I am in my 30s and have read pretty much everything ever published about being the child of an alcoholic.  I know all about the roles (I am a hero), the shame, the dysfunction, the warnings (Just FYI- I didn’t marry an alcoholic “like my dad”, but my ex was a jerk anyway, go figure).  But I never read anything that really sounded like MY life or MY family or MY alcoholic (awww!).  I’m tired of all the hokey, psychology-ridden rhetoric about living with an alcoholic…I think people need the harsh truth.  Living with an alcoholic parent is hell.  No book you read is going to change that.  The only thing that ever helped me was finding other people in my situation (rare) and using humor (often).
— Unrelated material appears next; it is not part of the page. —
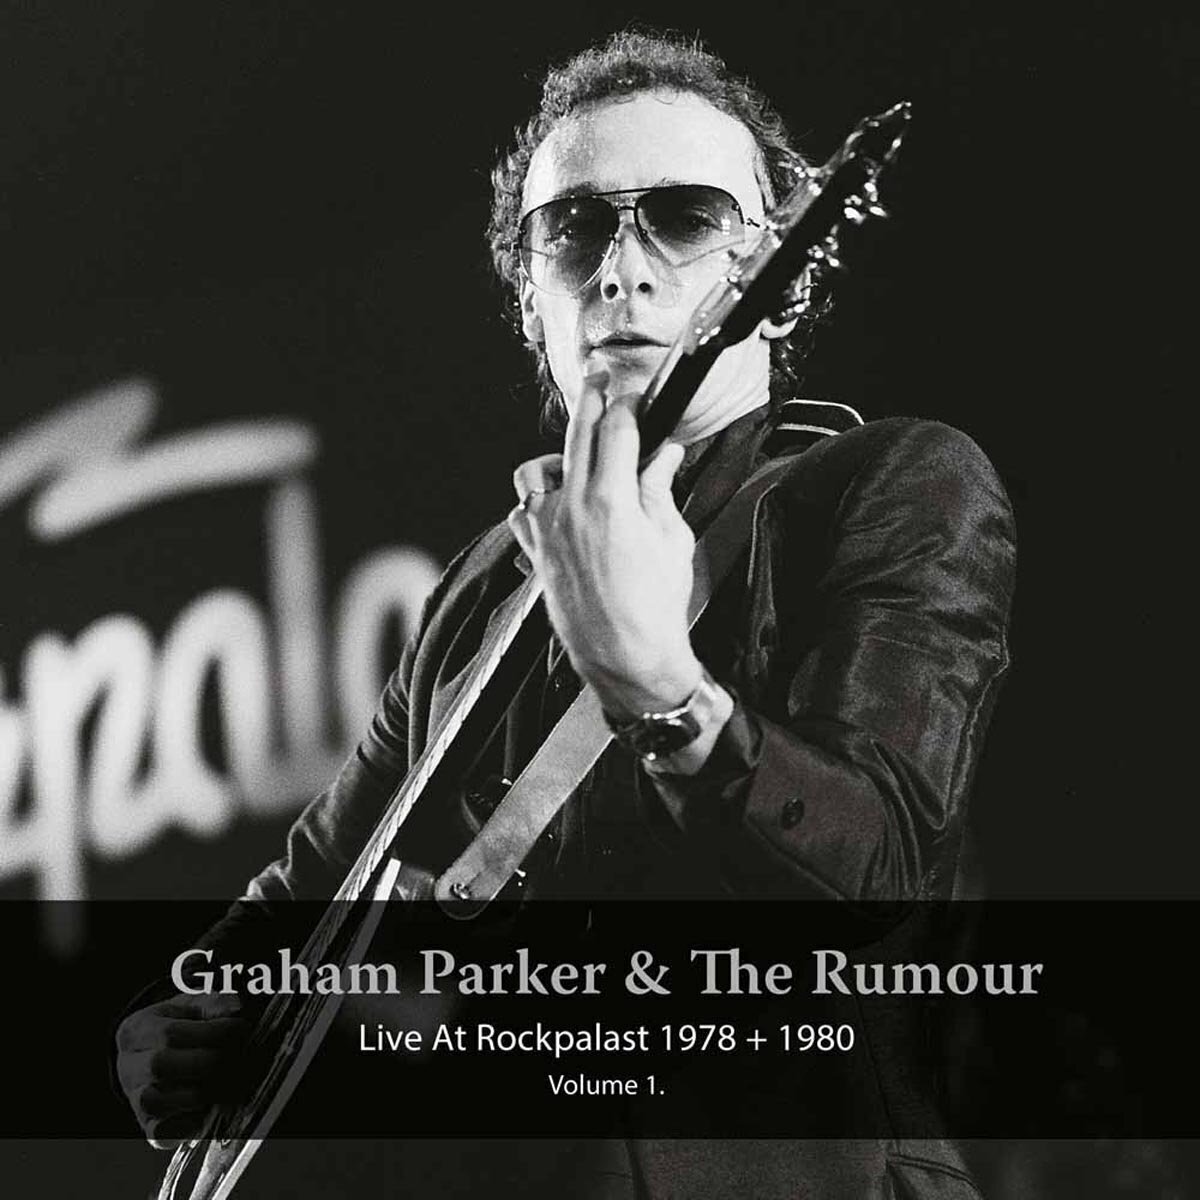 Vinylskiva Graham Parker & The Rumour - Live At Rockpalast 1978 + 1980 Vol 1 (2 LP)

My dad is a special kind of alcoholic; the kind who hasn’t had to face many repercussions.  But after being an alcoholic for over 20 years now, it is finally starting to catch up with him.  It’s about time.

That sounds mean, but once you start to read a little more (if I get anyone to read this since I am not sharing it with family or friends), you will see.  Because my story stretches over two decades and has no definite end in sight, it is a little overwhelming to know where to really start.  So, let me just explain the title of my blog: “Do Nothing Taker”.  That is one of my many nicknames I have been given by my alcoholic father.  For many, many years, he was a functional alcoholic (one of those fancy Al-Anon terms!). It basically means that the alcoholic gets to go to work and have everyone think he is a normal person, but then comes home and acts like a psycho-monster to his family.  My dad made a very good living and my younger sister and I were very well provided for.  My ex (the sober jerk) used to say “big house, no problems”.  This was the truth.  We appeared like a very nice family.  It was exceptionally deceiving for a long time (we will get to that).  But when my dad acted especially mean, he would buy my sister and I gifts- it is how I got my first Nintendo.  But my father’s favorite thing in the whole world (besides cheap vodka) is throwing things back into people’s faces.  Hence my nickname.  I am a do nothing taker because he bought my first bike, paid for my college, etc. etc. and I have done nothing in return- I just take.  He conveniently forgets me dropping assault charges against him, but alcoholics have fuzzy memories like that (and that is a whole OTHER story…)

I do hope someone reads this, maybe even someone who can relate to this (or who just wants to feel like their dad maybe wasn’t such an asshole in comparison to mine- my friends like to do that lol), but even if no one does, I think it will help me to get some of it off my chest.  Besides, I want to write a book about him one day so this is prewriting (did I mention I teach English?)